- Born: Benita Gil Lamiel 14 January 1913 La Ginebrosa, Spain
- Died: 26 July 2015 (aged 102) Prague, Czech Republic
- Occupation: Teacher
- Spouse: Felipe Serrano

= Benita Gil =

Spanish teacher and syndicalist organizer

Benita Gil Lamiel (14 January 1913 – 26 July 2015) was a Spanish teacher and syndicalist organizer.

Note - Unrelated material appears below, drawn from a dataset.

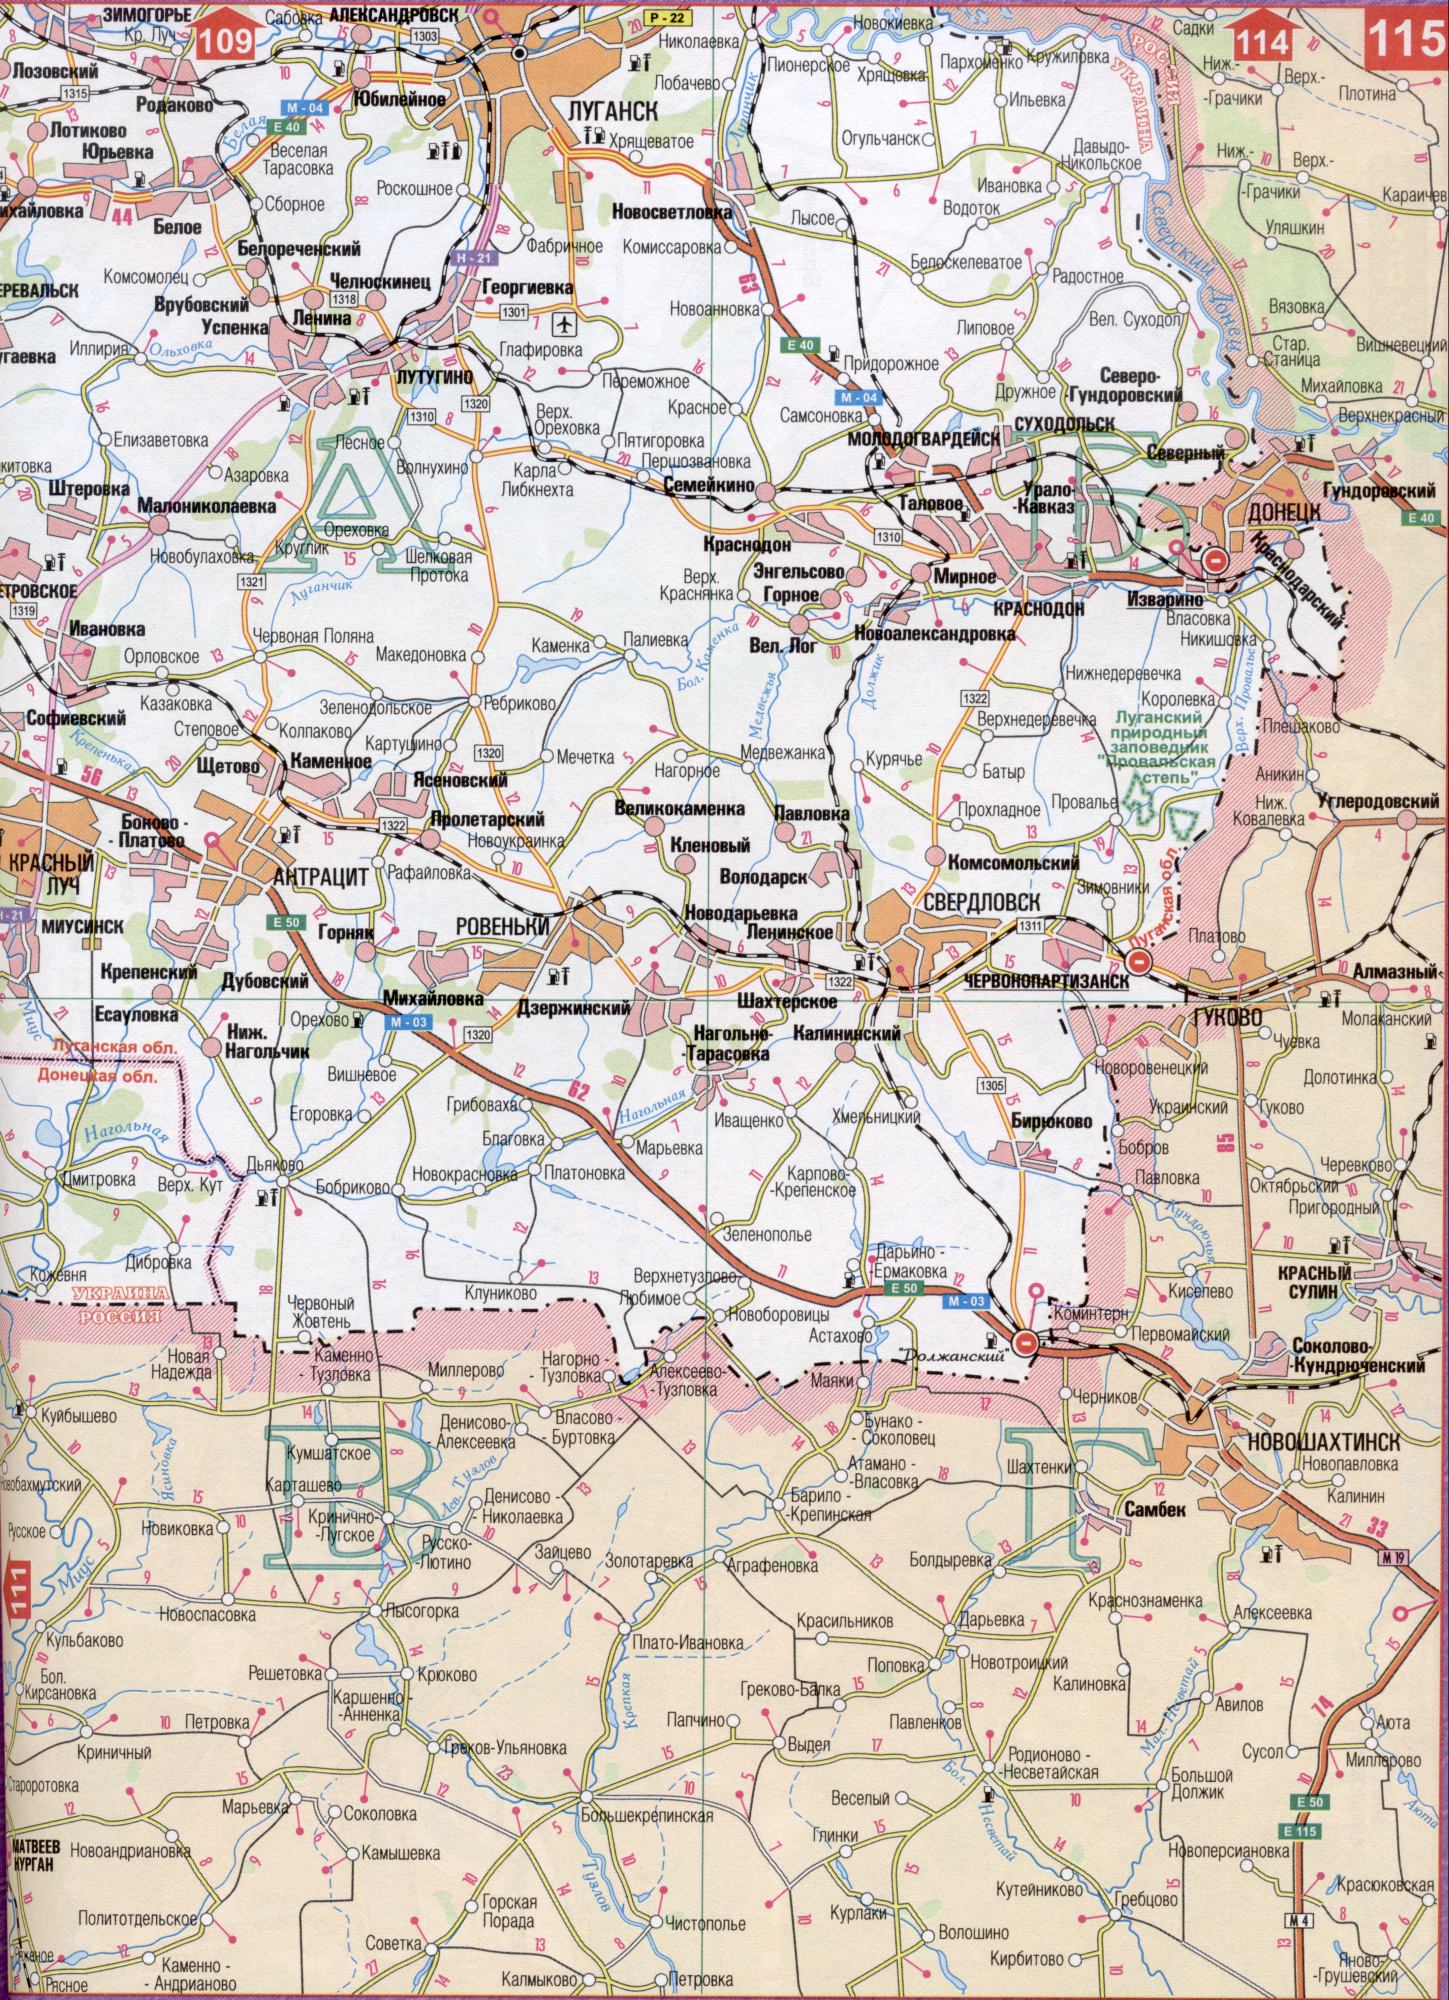 Karte von Lugansk Region der Ukraine (Regionalzentrum Lugansk). Laden Sie detaillierte Karten von Straßen, B2 - Seidenkanal Lysogorka, Beloskelevatoe, Luxus

She was made a Commander of the Order of Isabella the Catholic in 2014, at age 101.

==Biography==
The daughter of a farmer, Benita Gil Lamiel spent her childhood in La Ginebrosa, although the nucleus of her family came from and resided in Mas de las Matas, where she went to school from ages 11 to 14. In 1928 the family moved to Zaragoza. There she pursued a teaching career from 1928 to 1932, becoming the first woman in her family to earn a university degree. She was one of a large number of women teachers to be hired under the Second Republic's Professional Teaching Plan. A member of the Provincial Association of Primary Education Teachers in Zaragoza, during the Civil War Gil worked as a teacher in Alcañiz, and beginning in April 1938, in Llançà, a circumstance that facilitated her departure from Spain. In January 1939 she went into exile in France, where she married Felipe Serrano, a fellow teacher who had been her partner since 1938, and with whom she had two children.

In 1950, her husband was expelled from France along with many other Spaniards. They were taken in by Czechoslovakia and were assigned to Ústí nad Labem, a city in northern Bohemia. The following year, in December 1951, Gil and her children, together with relatives of other Spaniards, were gathered in Toulouse where a night train took them to Prague. Gil worked as a textile company operator for eight years, and in the early 1960s, as a member of the Communist Party of Spain, she went to work for the World Federation of Trade Unions, an organization in which she served as a French interpreter and secretary of the Latin American Section for 17 years. In 1980, Gil and her husband returned to democratic Spain. However, in 1992, they moved back to Prague to be close to their children and grandchildren.

Gil was made a Commander of the Order of Isabella the Catholic in 2014. Receiving the honor in Prague, she recalled the circumstances of her long exile.

I was a teacher, and I always considered that if I stayed I would have been thrown out of teaching.

On 27 March 2014, she was granted the Title of Ambassador of Mas de las Matas and the Medal of the Faithful Villa of Mas de las Matas.

Benita Gil died in Prague on 26 July 2015 at age 102.